方霞夷鄙的说,“大雪最想要的是什么,他心里应该很清楚,他并没有把大雪当成妻子对待。”
果然,还是魔法才能打败魔法,古人的套路只能古人去解开。
事实上按瞿大郎为大雪所做的一切,也能说得过去。
很多人都羡慕大雪嫁了个有情郎。
可他们并不知道瞿大郎用一幅字,从自己这里换了二百两银子。
若是没有大雪求情,薛雯根本不用损失这么多钱。
她却为大雪感到不值,甚至怀疑瞿大郎是害怕自己追究大雪的事情,才不得不给她哀荣。
李冉回来的时候,薛雯还坐在窗前发呆。
他不知道大雪饿死了,还逗趣问,“娘子,你怎么闷闷不乐?”
薛雯看了他一眼,黯然道,“大雪没了。
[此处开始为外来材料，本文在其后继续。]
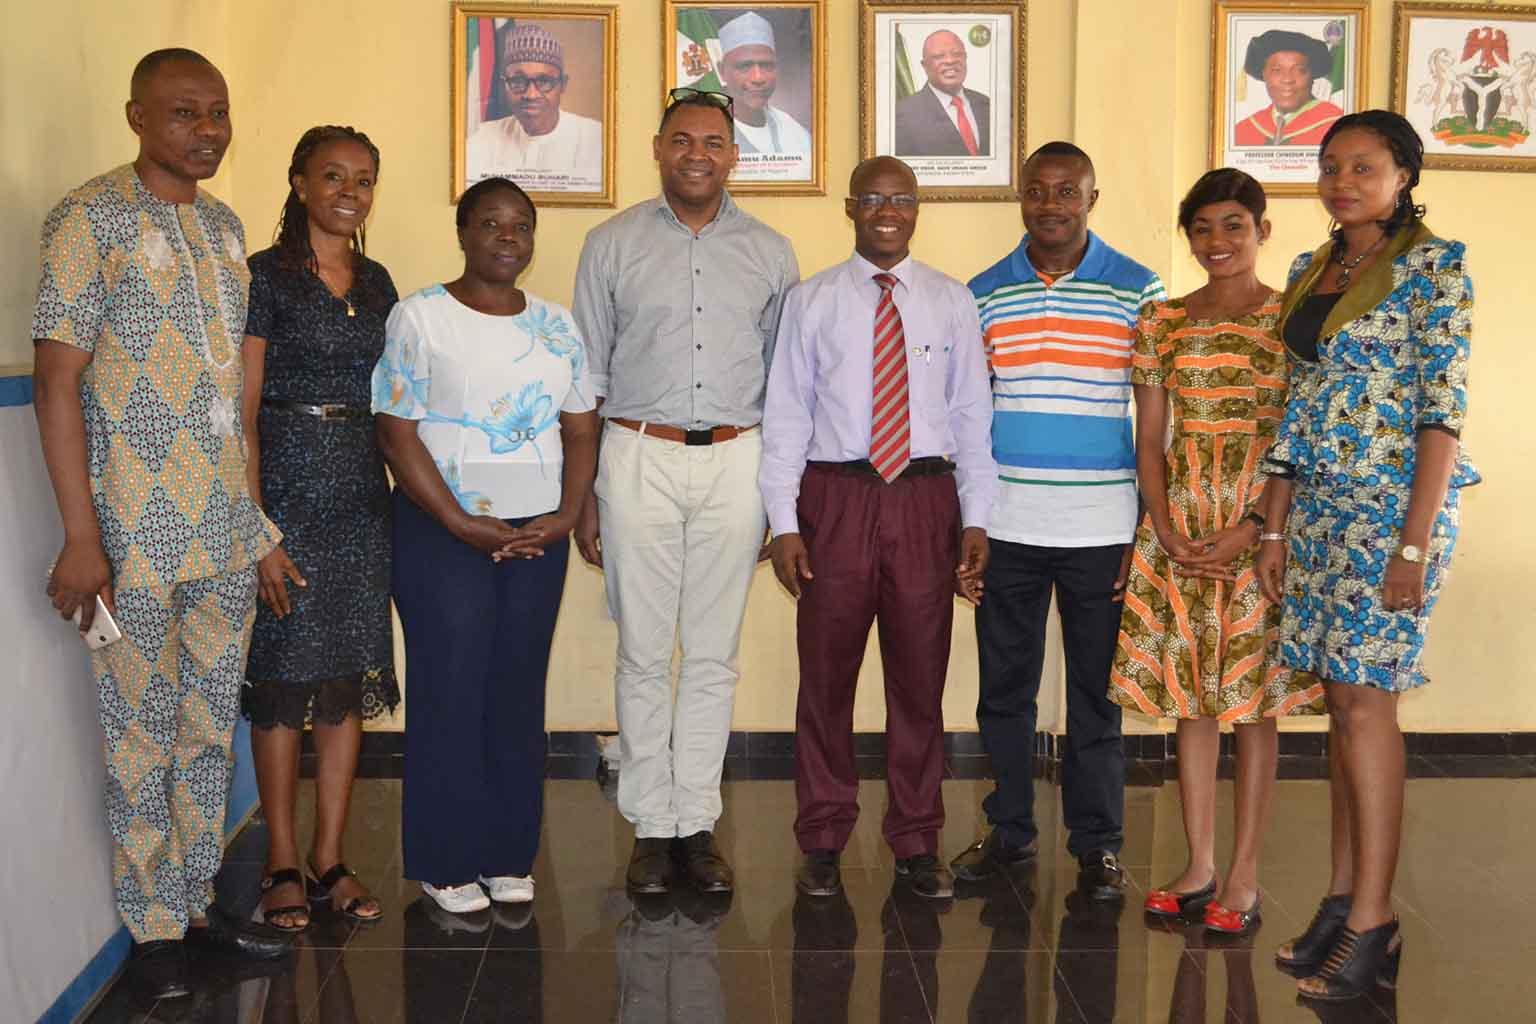 Group picture : Left to Right: Mr Iyke Ubochi (University PRO), Ms Chiaka Nnodi, Prof G.M.T Emezue, Prof Brando Okolo, Prof Jonny Ogunji, Mr

”
“啥?”
李冉很不可思议的说,“昨天见她不过是饿得有些乏力,怎么说没就没了?”
“唉,一言难尽啊,看样子,这回我是血本无归了。”
薛雯很没精神,话也懒得多说。
“才二百两而已,等年下庄子里的柴炭卖出去,就有钱了。”
他捏捏自己干瘪的荷包,心说,看样子,我得想辙搞钱呀。
薛雯遗憾的说,“我不是心疼银子,就是觉得那丫头太傻,瞿大郎又不是以继室的规格安葬她的,也没把她葬到瞿家祖坟,你说她图了个啥?”
李冉听明白了,“可她是心甘情愿死的,你用不着难受啊。”
“唉,有些人,你明明知道他很虚伪,却无法揭露他的真面目,真憋屈。”
薛雯狠狠敲了一下窗棱,把自己的手都拍红了。
李冉很心疼道,“这么点小事儿,用得着纠结成这样?”
“我来收拾他,保管不让他再碍你的眼。”
他阴险的笑笑。
“你别多管闲事,我不过是发发牢骚而已。”
薛雯又赏他一个白眼。
这熊孩子,就是唯恐天下不乱!
李冉嘴上说着,“行,我不管。”
转头就去找翰林院的同僚一起喝酒。
他那是能吃亏的主吗?
绝对不能让媳妇受委屈啊。
蒋琦也是翰林院的一名小孔目。
他四十出头,在翰林院待了好些年头,为人迂腐,不善钻营,别人都找门路高升了,他还在库房做整理书稿这些杂活儿。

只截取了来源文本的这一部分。